*SUPPLIED DATA*:

§ §

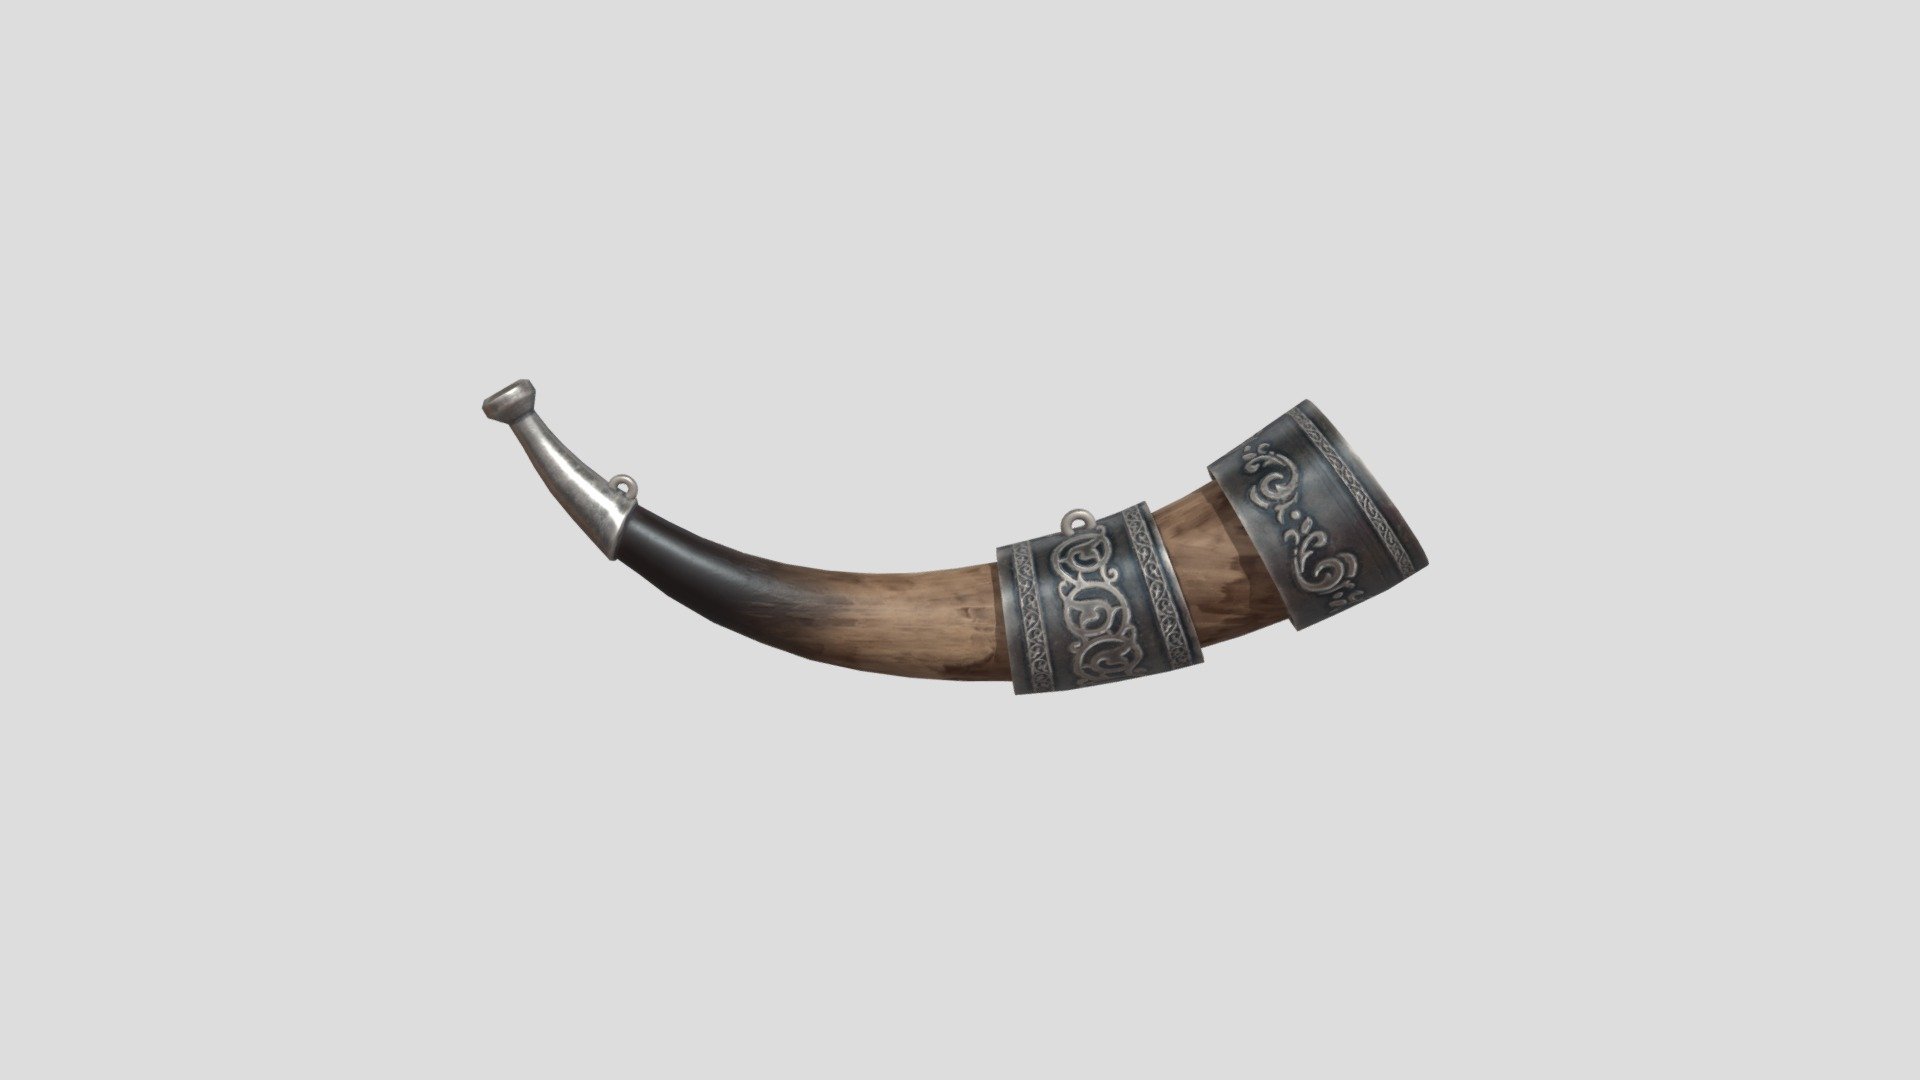 Low-poly 3D model PBR Game Ready Textures created in Substance Painter and exported out as .PNG PBR Materials with 2k textures including: , Normals, Metalness, Roughness and Base Color modelled in Blender 3.0 Fully UV unwrapped Tested in cycles and EEVEE Formats included .Blend .FBX .OBJ - Stylized Viking Arabian style Horn Game Ready - 3D model by nomank 3d model
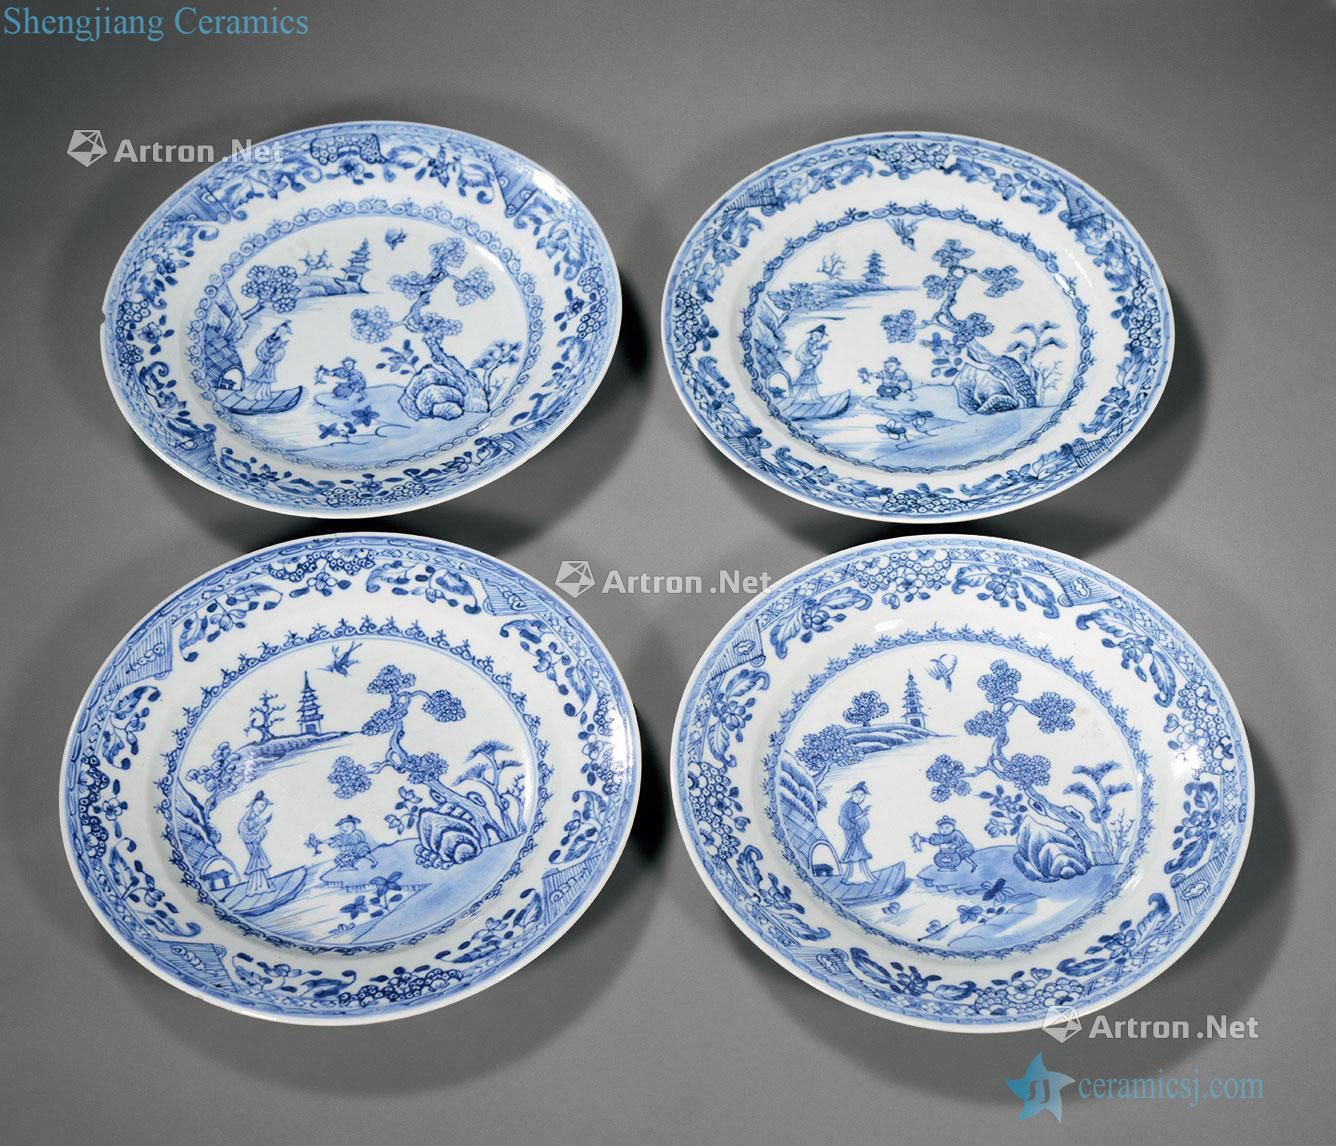 The stories of the qing emperor kangxi porcelain plate (4)
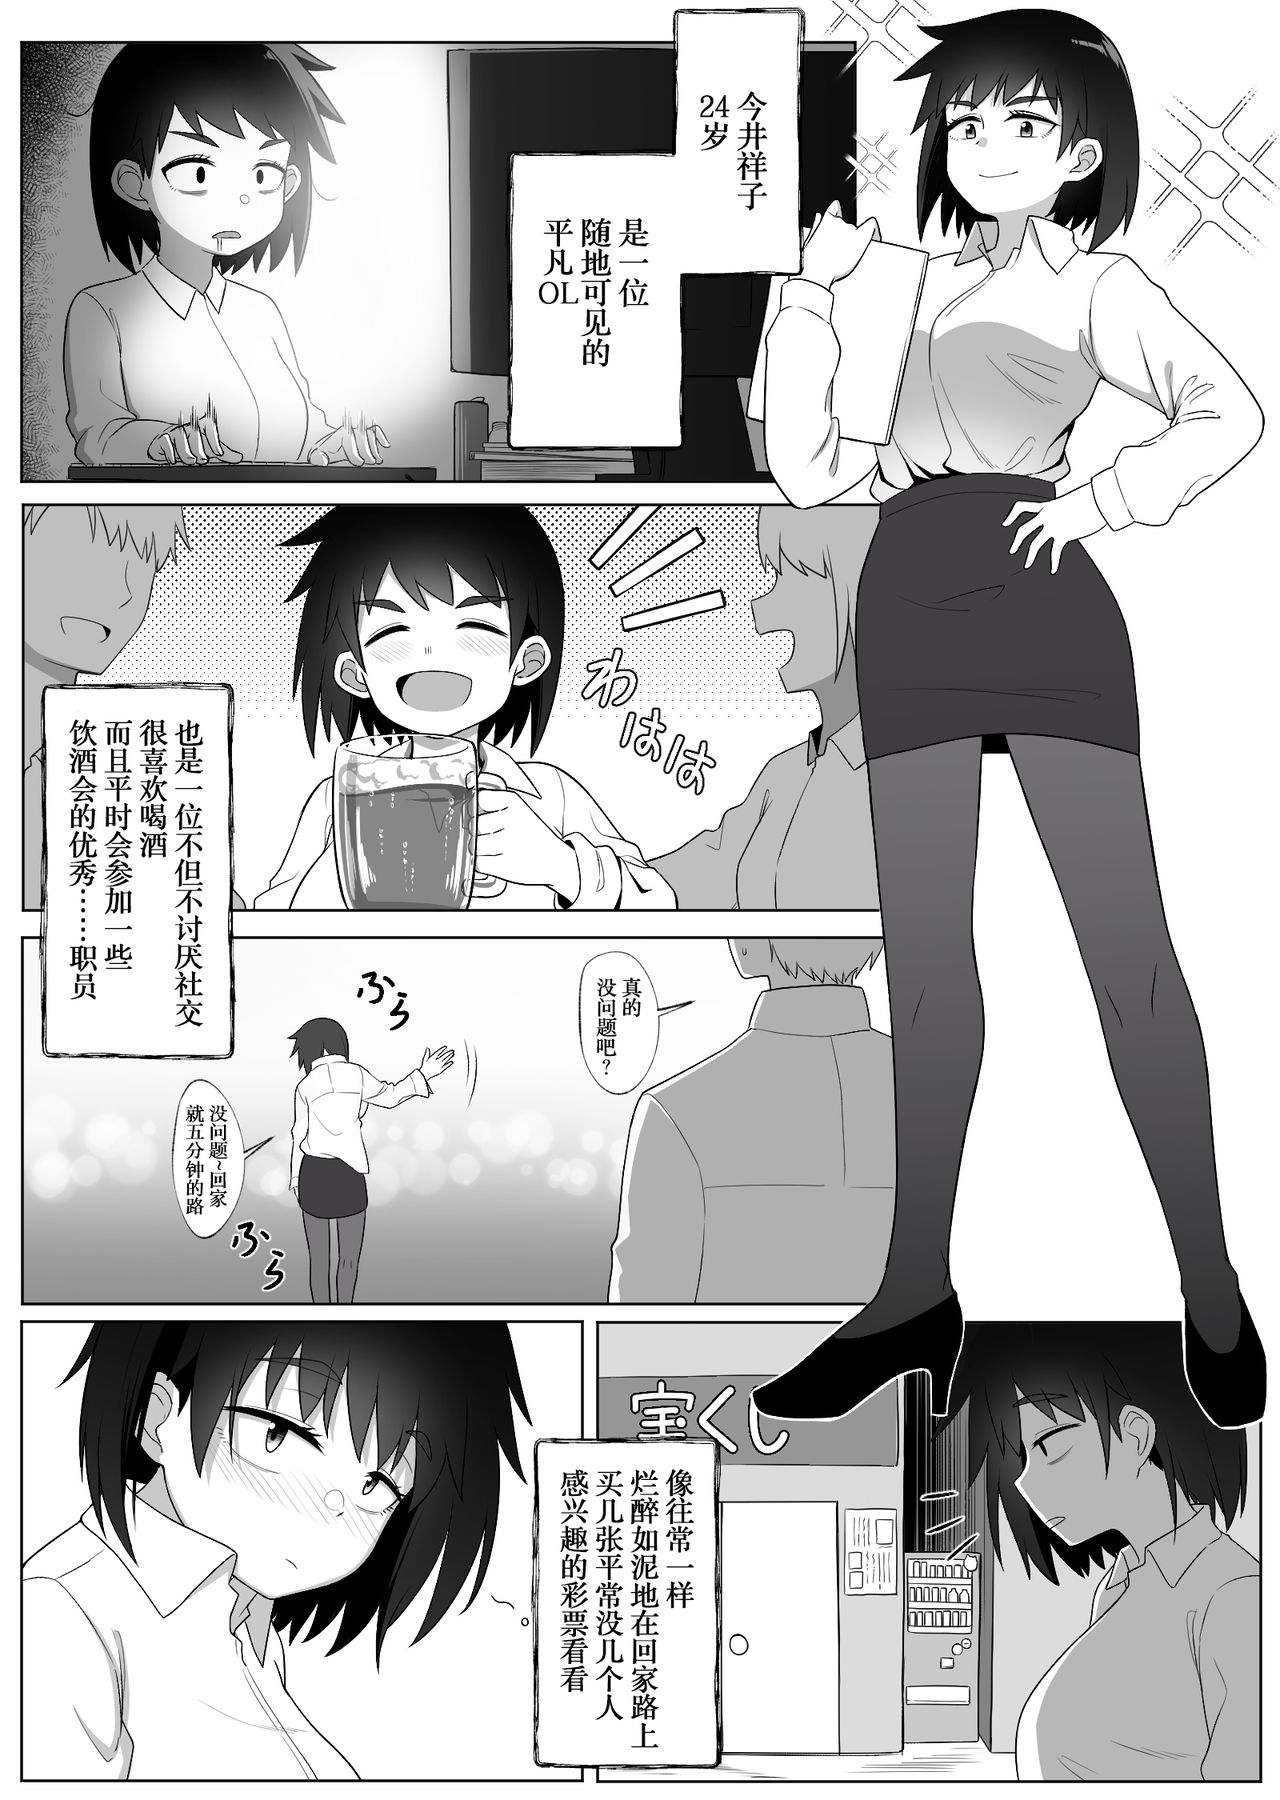 [Xion] Mirror Collection 2 [Chinese] [WTM直接汉化] 3
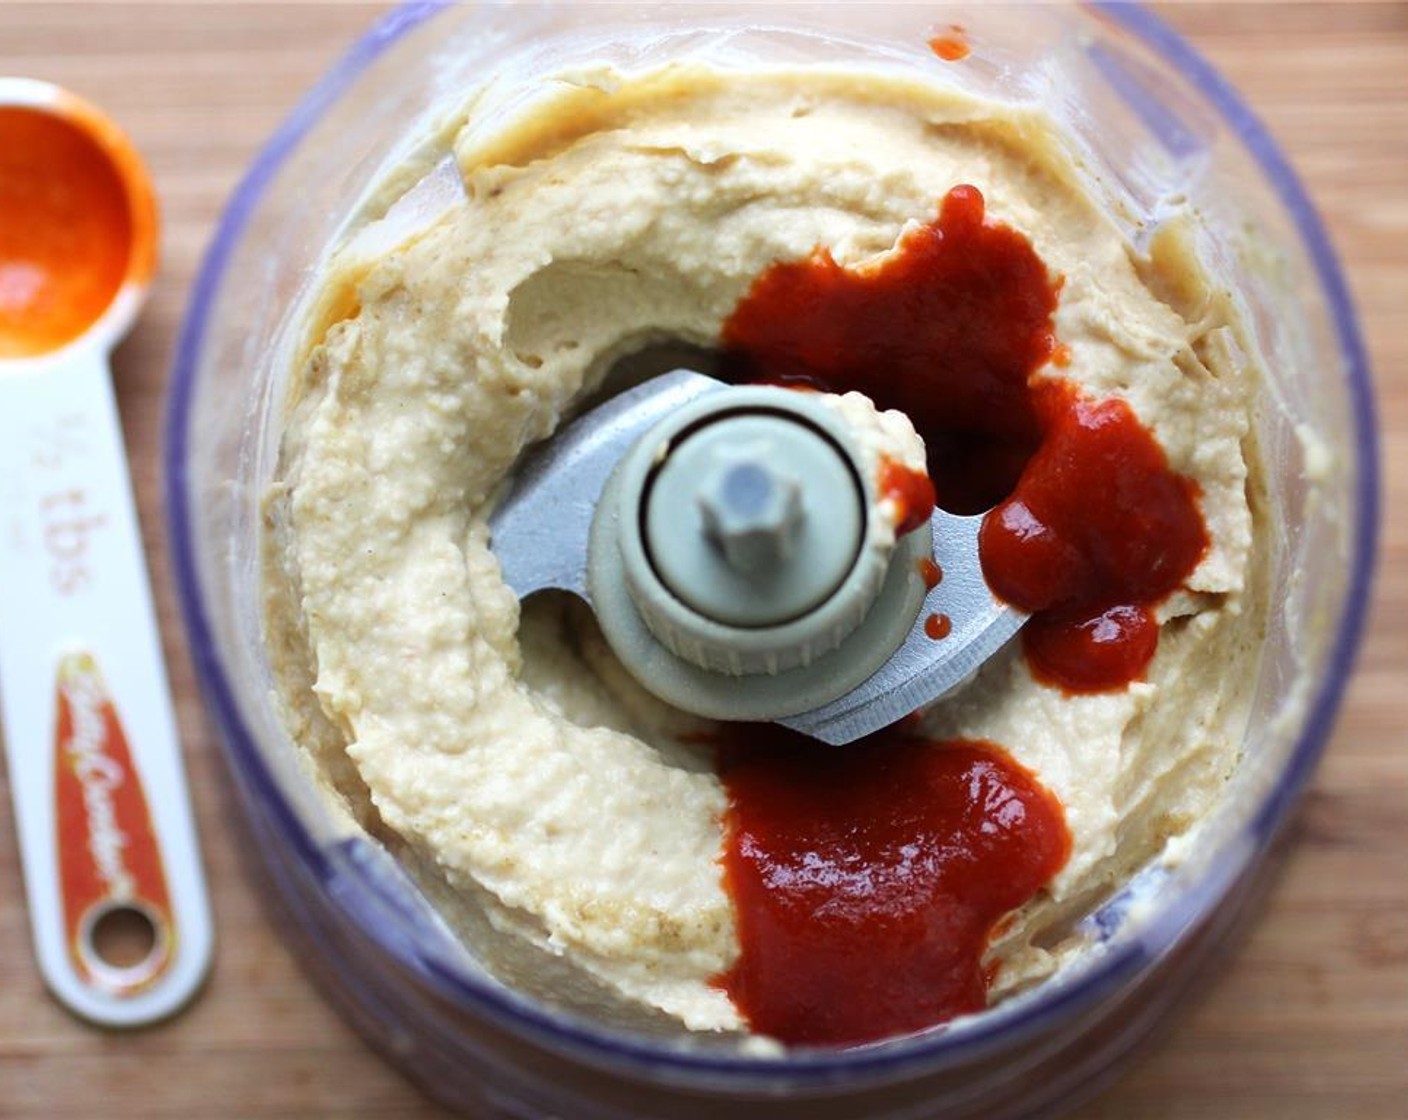 step 3 Blend until smooth. Add Sriracha (1 Tbsp), 1/2 tbsp at a time to the food processor, taste testing as you go.

§ §

*REQUIRED ACTION*: A verbatim transcription of the listing is expected, with no pictures included.

*ANSWER BOX*:
 Low-poly 3D model PBR Game Ready Textures created in Substance Painter and exported out as .PNG PBR Materials with 2k textures including: , Normals, Metalness, Roughness and Base Color modelled in Blender 3.0 Fully UV unwrapped Tested in cycles and EEVEE Formats included .Blend .FBX .OBJ - Stylized Viking Arabian style Horn Game Ready - 3D model by nomank 3d model
 The stories of the qing emperor kangxi porcelain plate (4)
 [Xion] Mirror Collection 2 [Chinese] [WTM直接汉化] 3
 step 3 Blend until smooth. Add Sriracha (1 Tbsp), 1/2 tbsp at a time to the food processor, taste testing as you go.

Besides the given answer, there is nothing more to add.